Gli indiani ArcelorMittal rappresentati dall’ Ad di Acciaierie d’ Italia, Lucia Morselli, ha speso un miliardo proveniente dalle attività commerciali, e dai soldi confiscati ai Riva (400 milioni di Euro per realizzare la copertura dei parchi minerari) per ottemperare nei tempi previsti tutte le prescrizioni del piano ambientale ormai completo al 90 per cento, ma in cassa non ci sono soldi per acquistare e pagare le materie prime, i fornitori, le manutenzioni. Ma persino anche per pagare gli operai, messi in cassa integrazione dall’ormai ex ministro del lavoro Andrea Orlando.

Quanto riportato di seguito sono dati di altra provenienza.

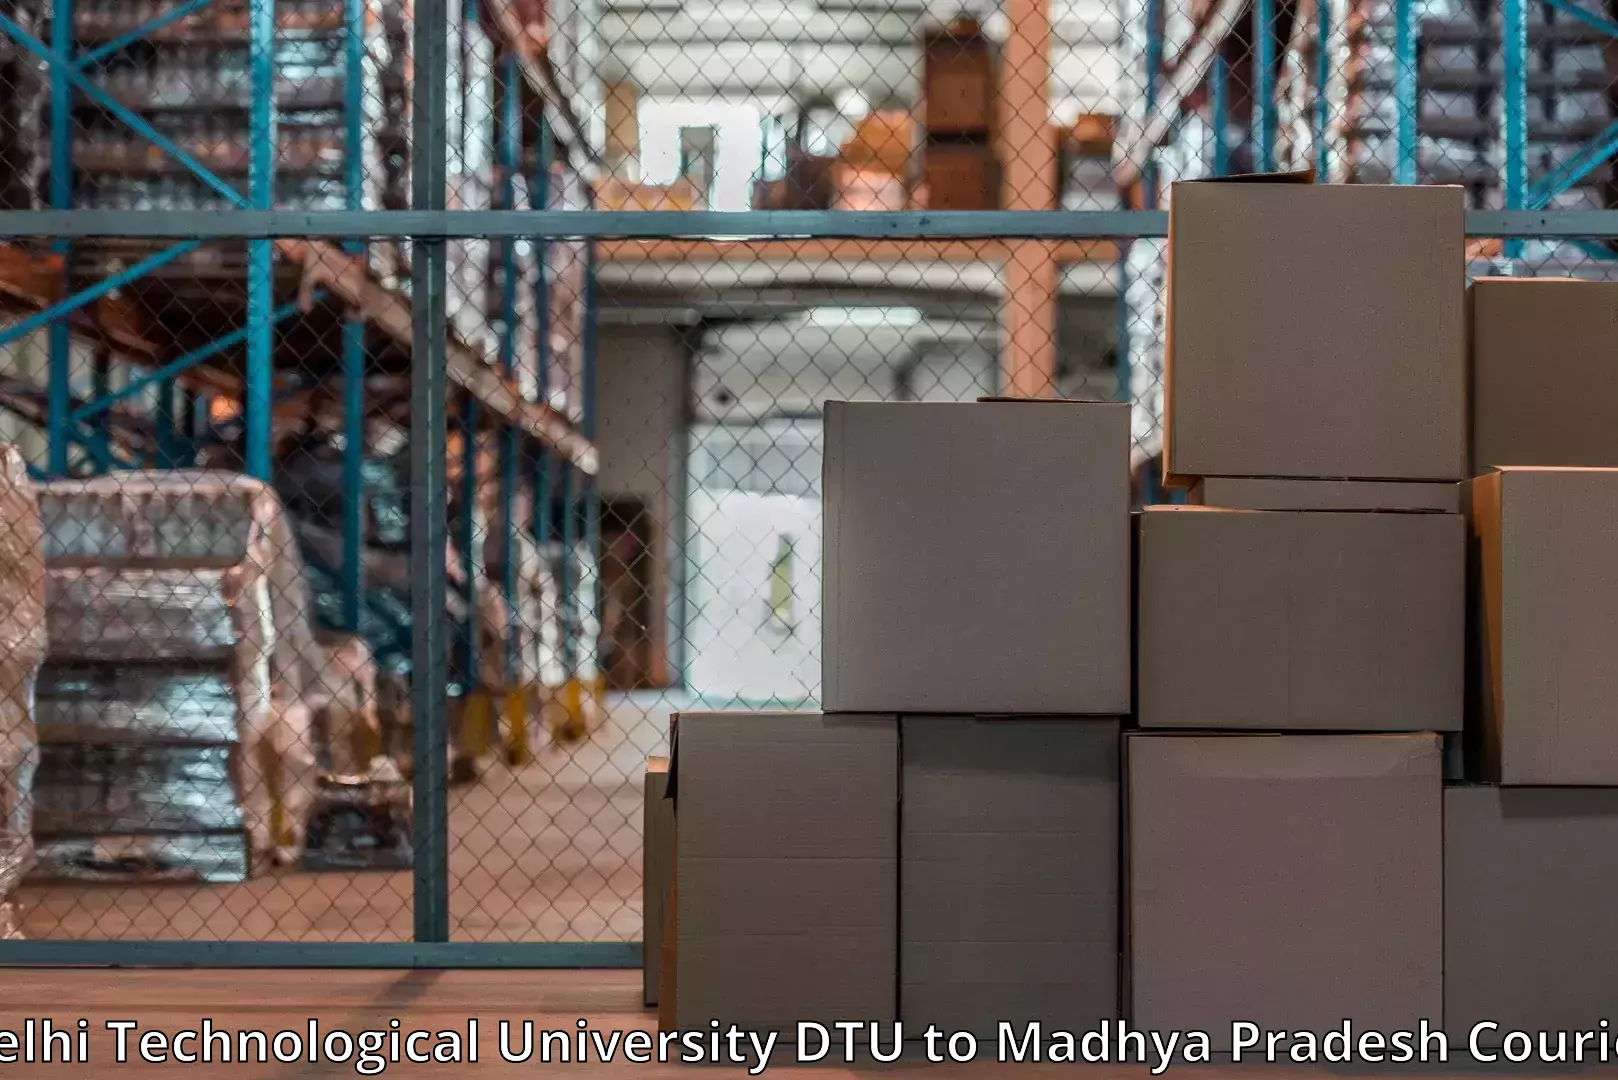 Furniture movers and packers in Delhi Technological University DTU to Sheopur

“Con la sospensione dei contratti di appalto da parte di Acciaierie d’Italia si corre il serio rischio di superare il punto di non ritorno. Con questa sciagurata decisione del management dell’ex Ilva si incrementa a livelli insostenibili il numero dei lavoratori in cassa integrazione, considerando i 1.600 in Amministrazione straordinaria, i 3 mila dipendenti e tutti le migliaia di lavoratori dell’indotto interessati da questo atto. A questo punto ci chiediamo, dopo le esternalizzazioni fatte in questi anni da parte del management acciaierie D’Italia, come possa essere assicurata la continuità produttiva ma soprattutto la sicurezza degli impianti. Ora è necessario che il Governo faccia presto per assicurare una corretta gestione del più grande stabilimento siderurgico europeo e che faccia tutto il possibile per garantire l’occupazione, l’ambiente, la salute, la sicurezza e la continuità. A partire da lunedì, a valle dell’incontro con i parlamentari locali, partirà la mobilitazione da parte delle organizzazioni sindacali. Non c’è più tempo da perdere, non possiamo tollerare che si giochi sulla pelle su migliaia di lavoratori e il futuro di un’intera comunità”. Lo dichiarano Rocco Palombella, Segretario nazionale Uilm e Responsabile del settore siderurgico, e Davide Sperti, Segretario Uilm Taranto.
“Si tratta di un gesto gravissimo – dicono Valerio D’Alò e Biagio Prisciano, rispettivamente segretario nazionale e Taranto della Fim Cisl – che mette a rischio centinaia di posti di lavoro. La ricaduta occupazionale sarà massiccia. Se Acciaierie d’Italia e l’ad Lucia Morselli pensano di utilizzare questa situazione per premere sul Governo e cercare di ottenere le risorse del miliardo di euro del dl Aiuti, hanno sbagliato i conti e vedranno l’opposizione del sindacato”. Per D’Alò e Prisciano, “è poi singolare che questa stretta dell’azienda arrivi a poche ore dall’incontro che lunedi Fim, Fiom e Uilm avranno a Taranto con i parlamentari sulla situazione dell’ex Ilva. Anche questa è una forma di pressione, è una strumentalizzazione”.
Da mesi l’ex Ilva é in una pesante crisi di liquidità e di recente Confindustria Puglia ha reso noto che sono maturati crediti per 100 milioni relativi a lavori effettuati, fatturati e non pagati alle imprese dell’appalto.